* Records to process:

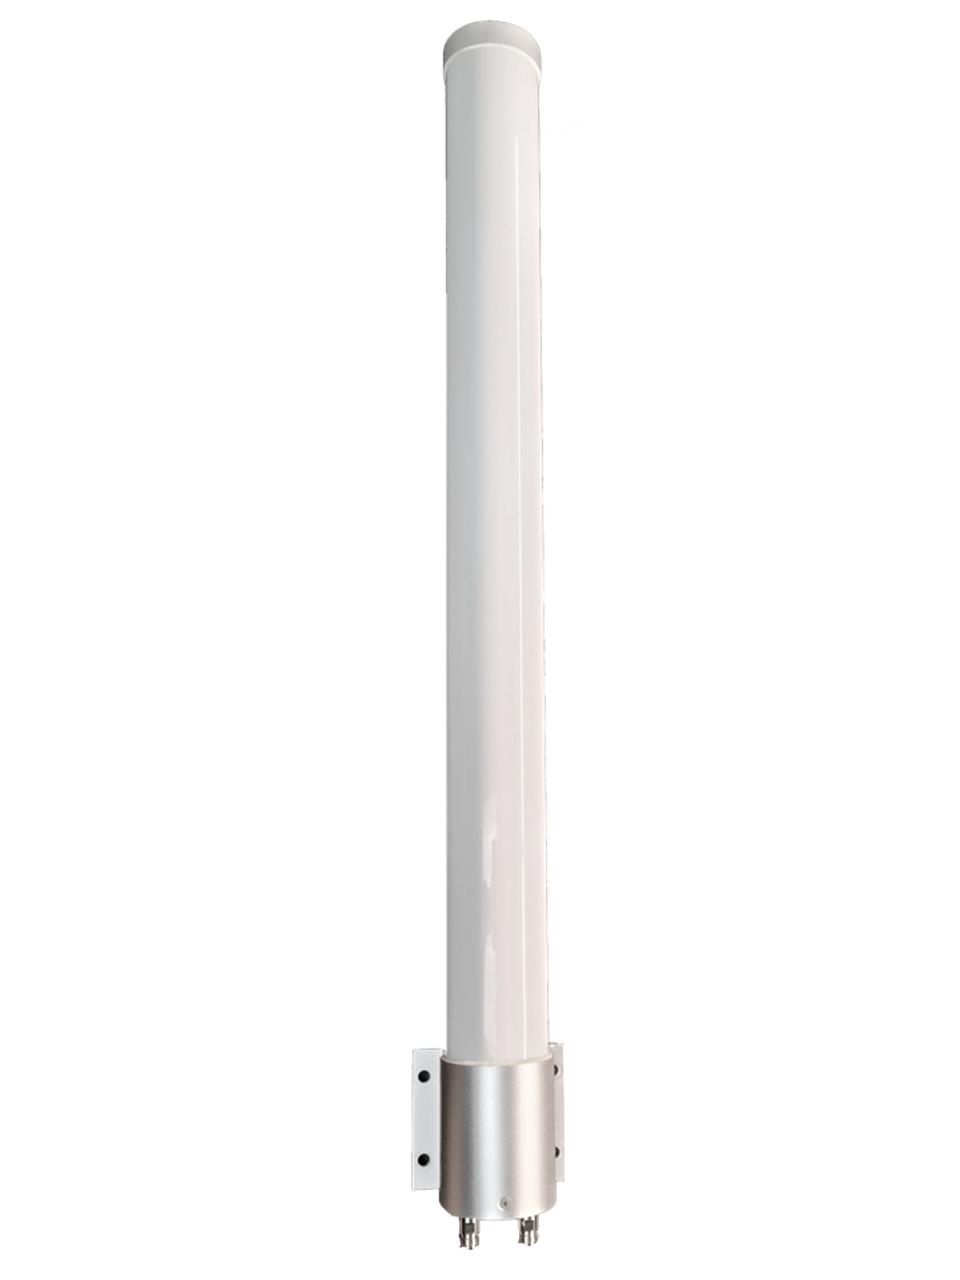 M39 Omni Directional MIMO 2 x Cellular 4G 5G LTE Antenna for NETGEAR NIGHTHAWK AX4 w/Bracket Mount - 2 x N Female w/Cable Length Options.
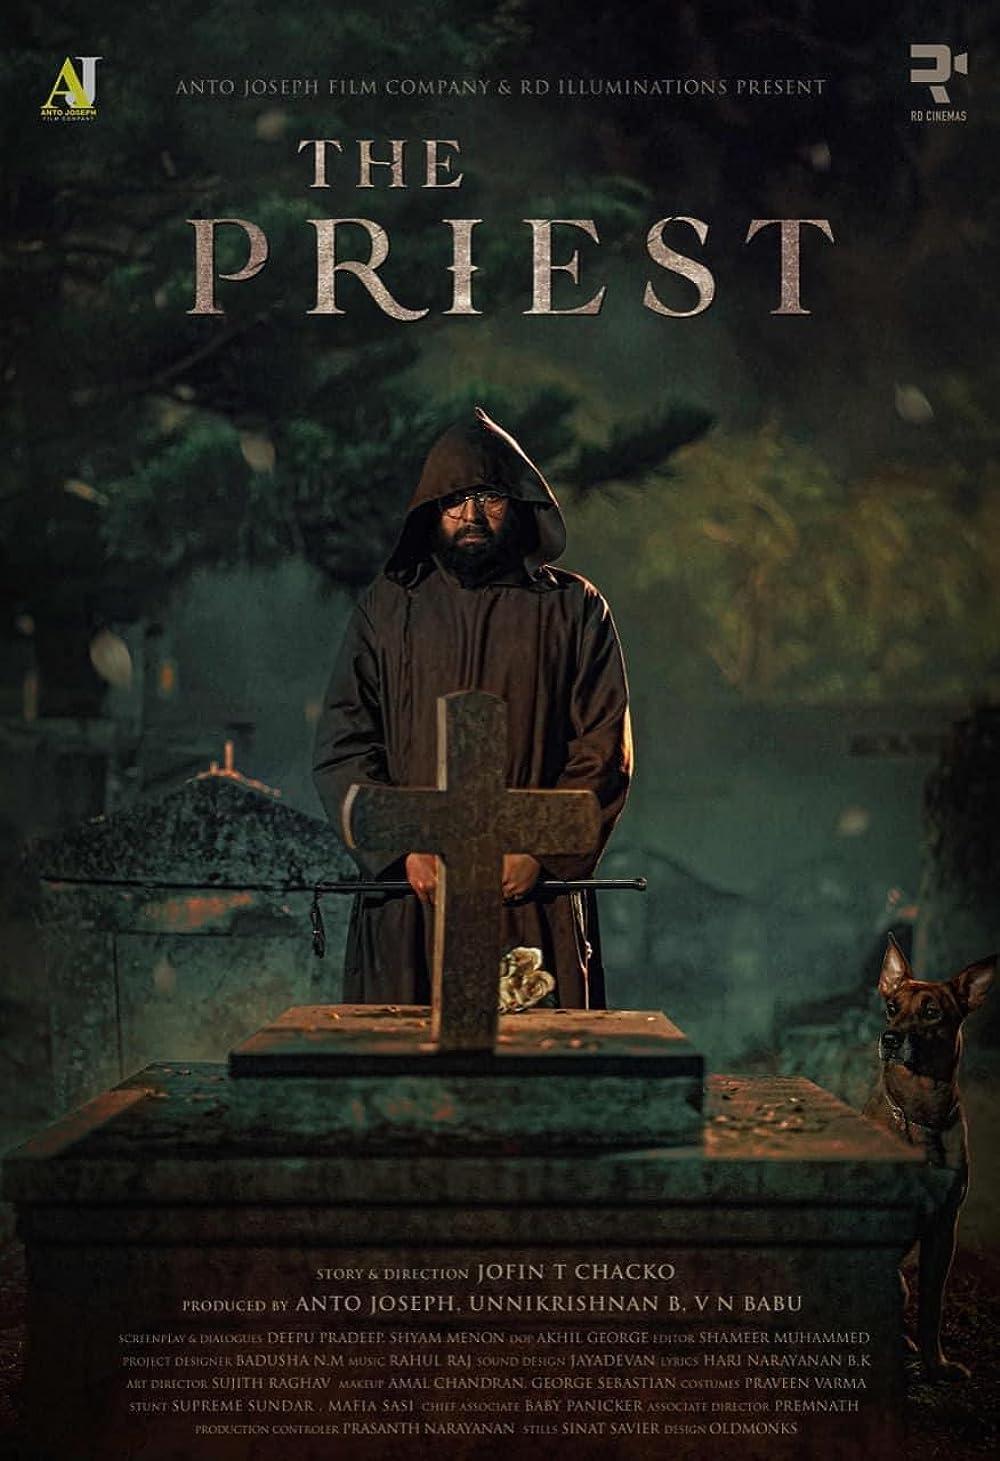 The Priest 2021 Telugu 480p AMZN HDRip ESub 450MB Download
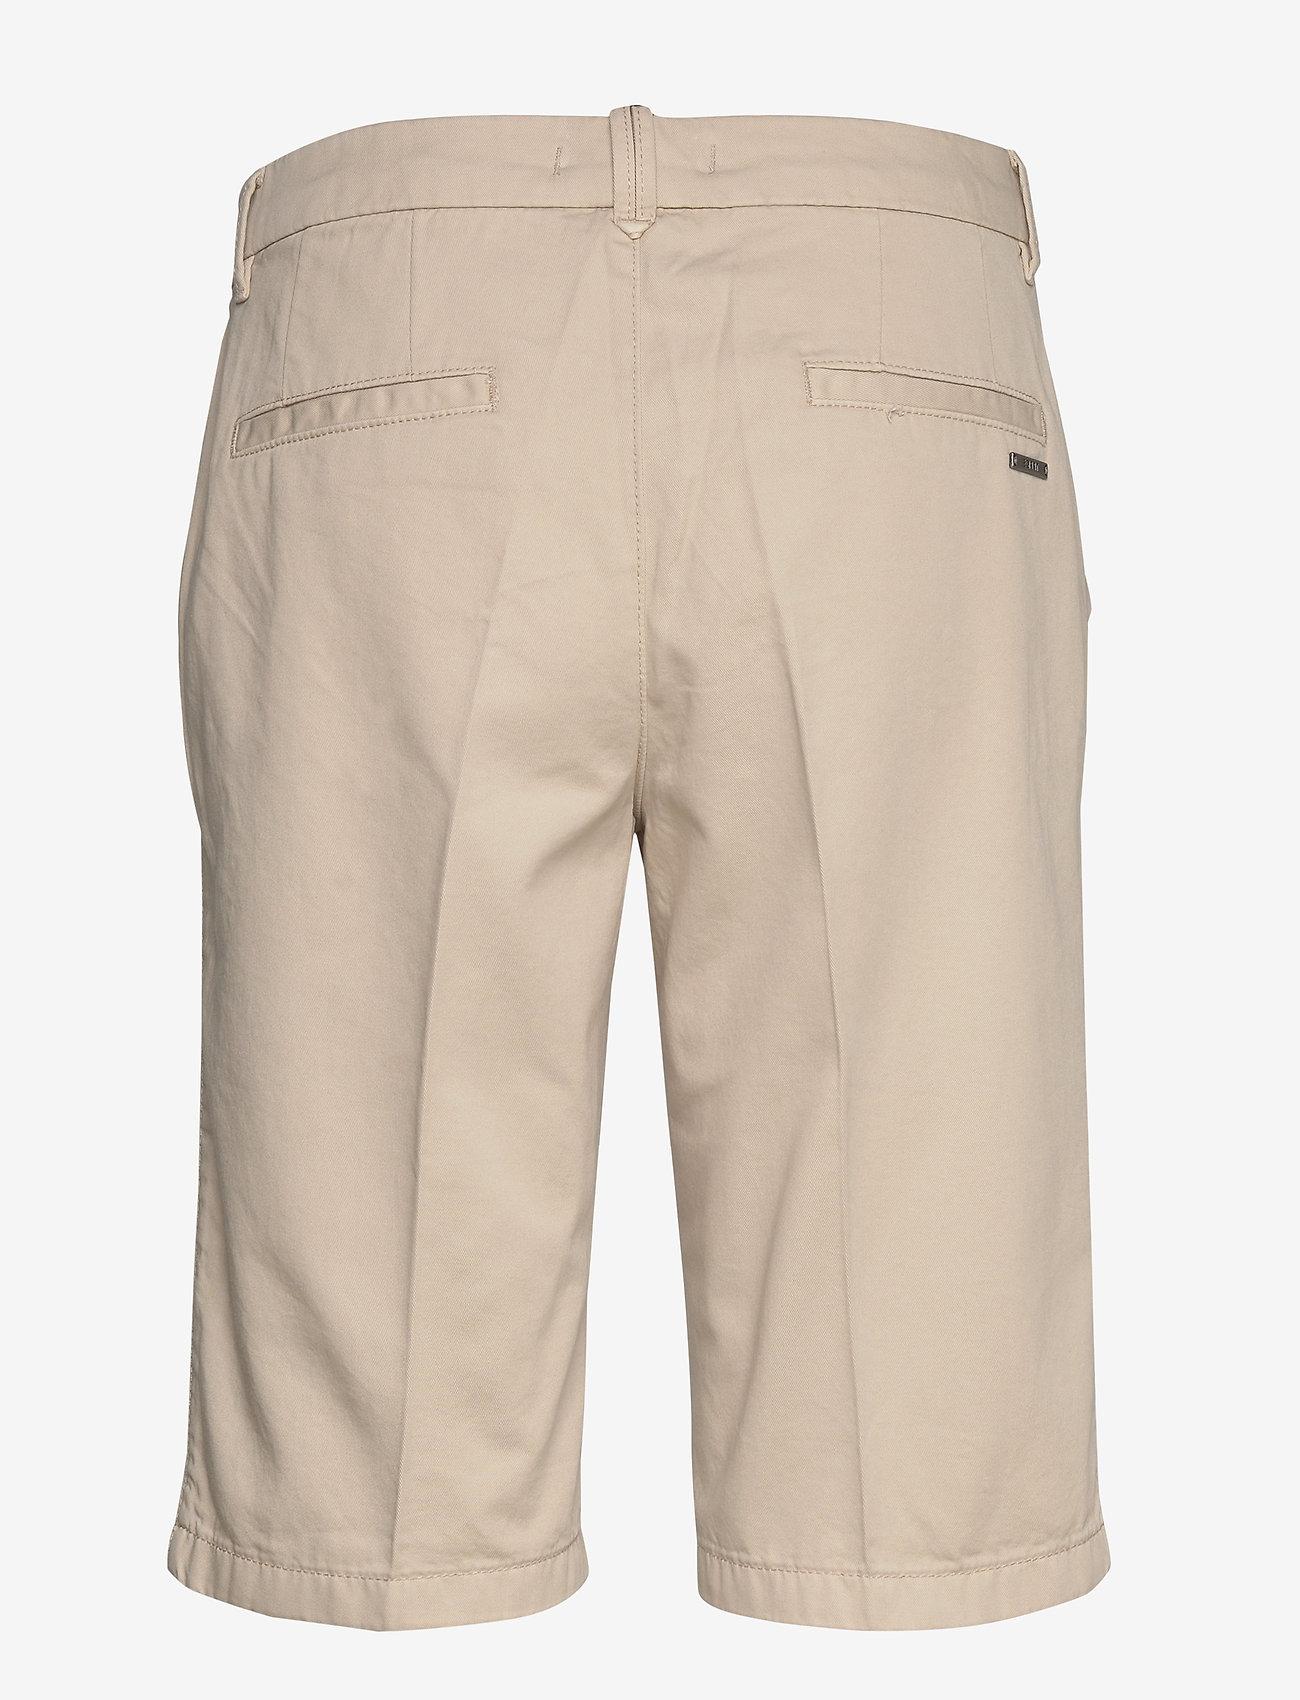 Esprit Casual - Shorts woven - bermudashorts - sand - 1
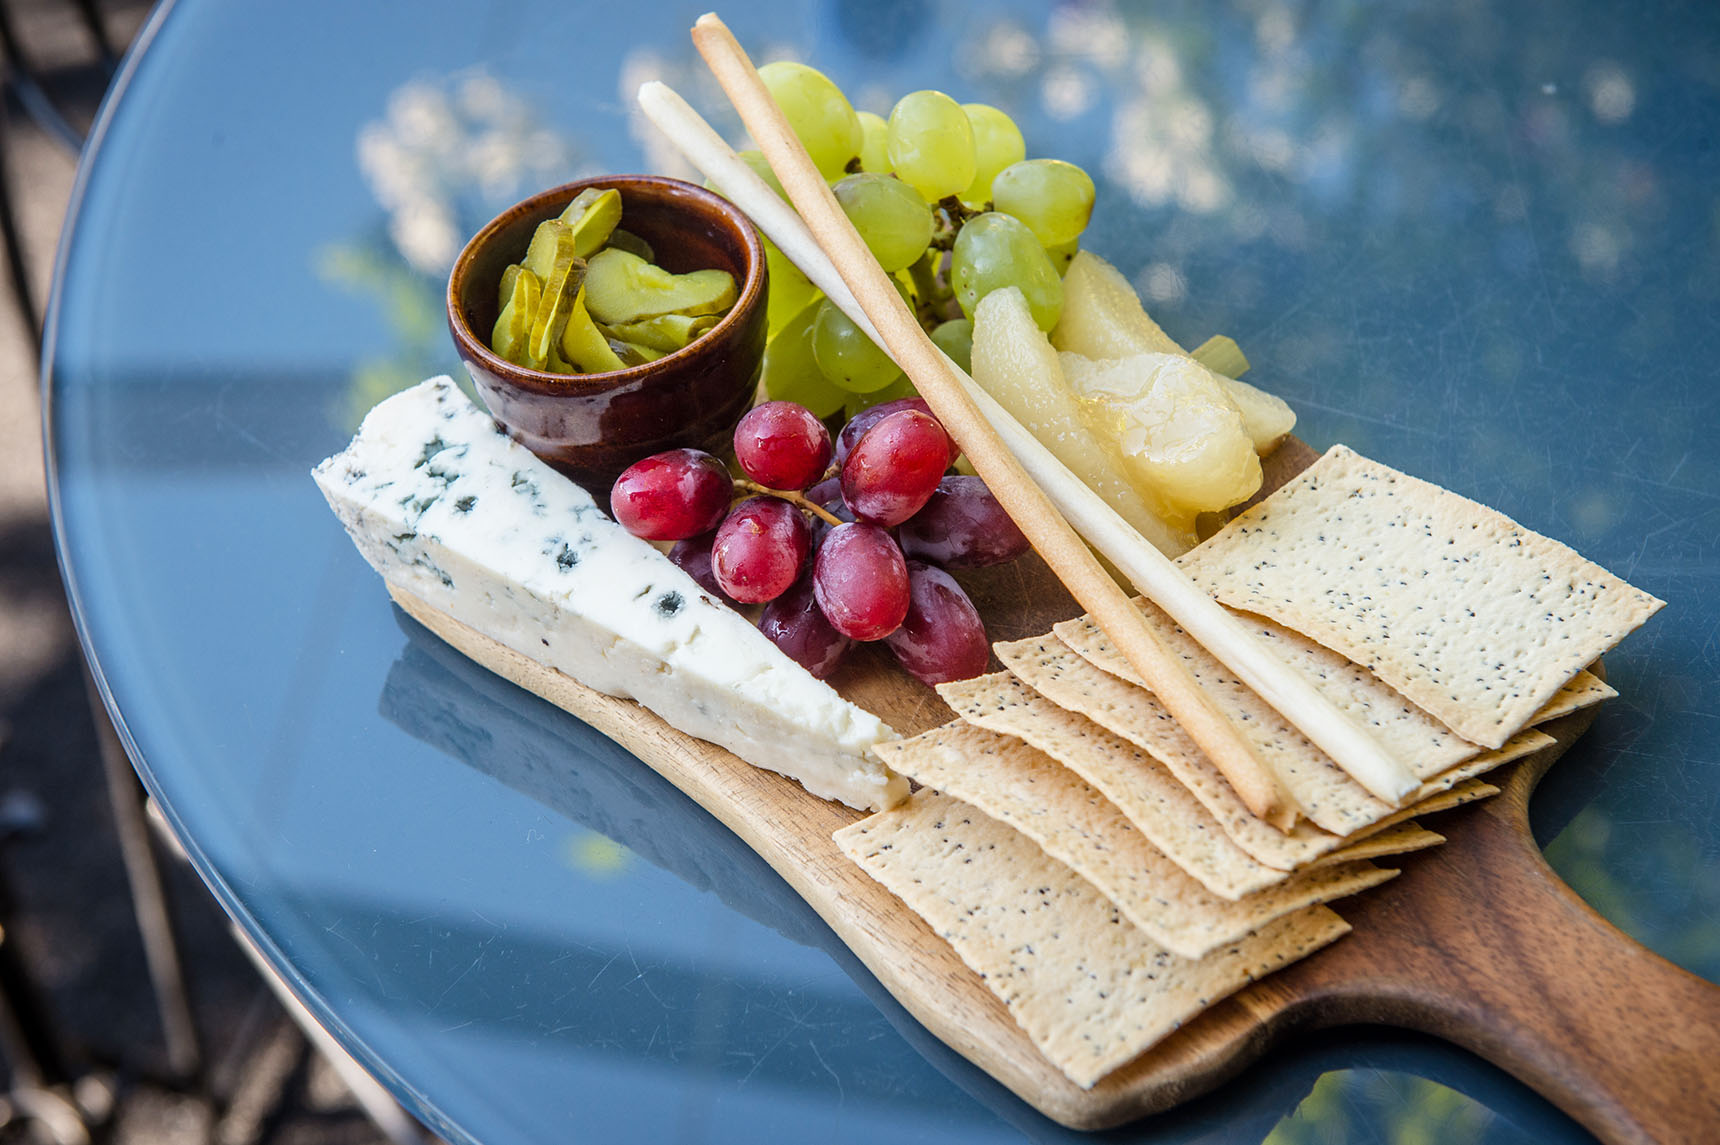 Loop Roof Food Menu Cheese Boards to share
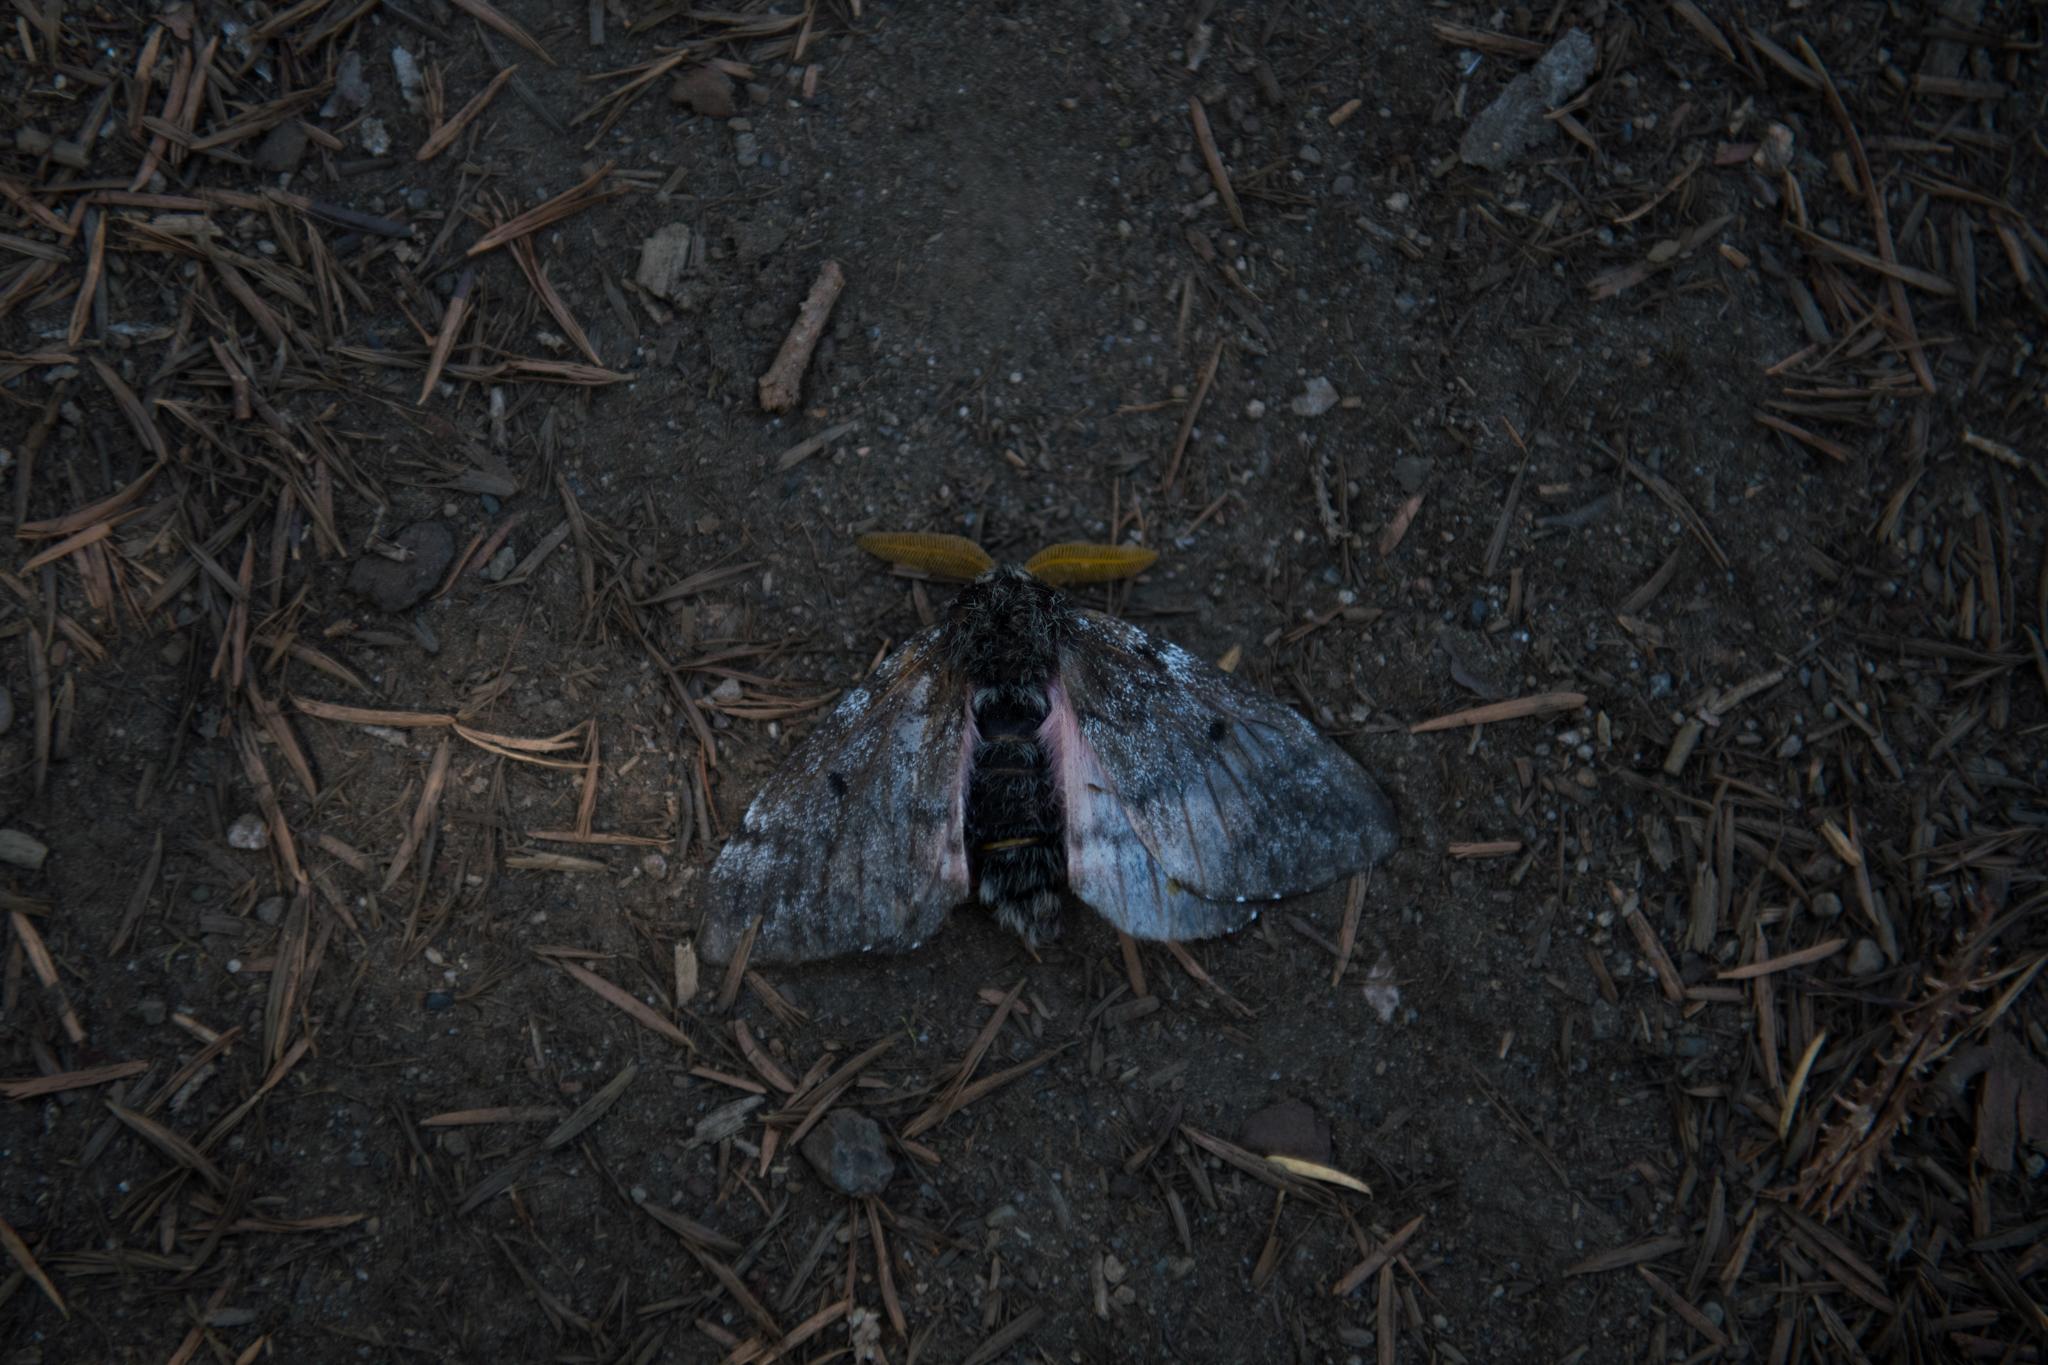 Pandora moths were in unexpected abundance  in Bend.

* To do: Copy exactly, and only, the lines running from the one containing "Esprit Casual - Shorts" through the final line of the data, and omit the pictures.

* Answer to this exercise:
 Esprit Casual - Shorts woven - bermudashorts - sand - 1
 Loop Roof Food Menu Cheese Boards to share
 Pandora moths were in unexpected abundance  in Bend.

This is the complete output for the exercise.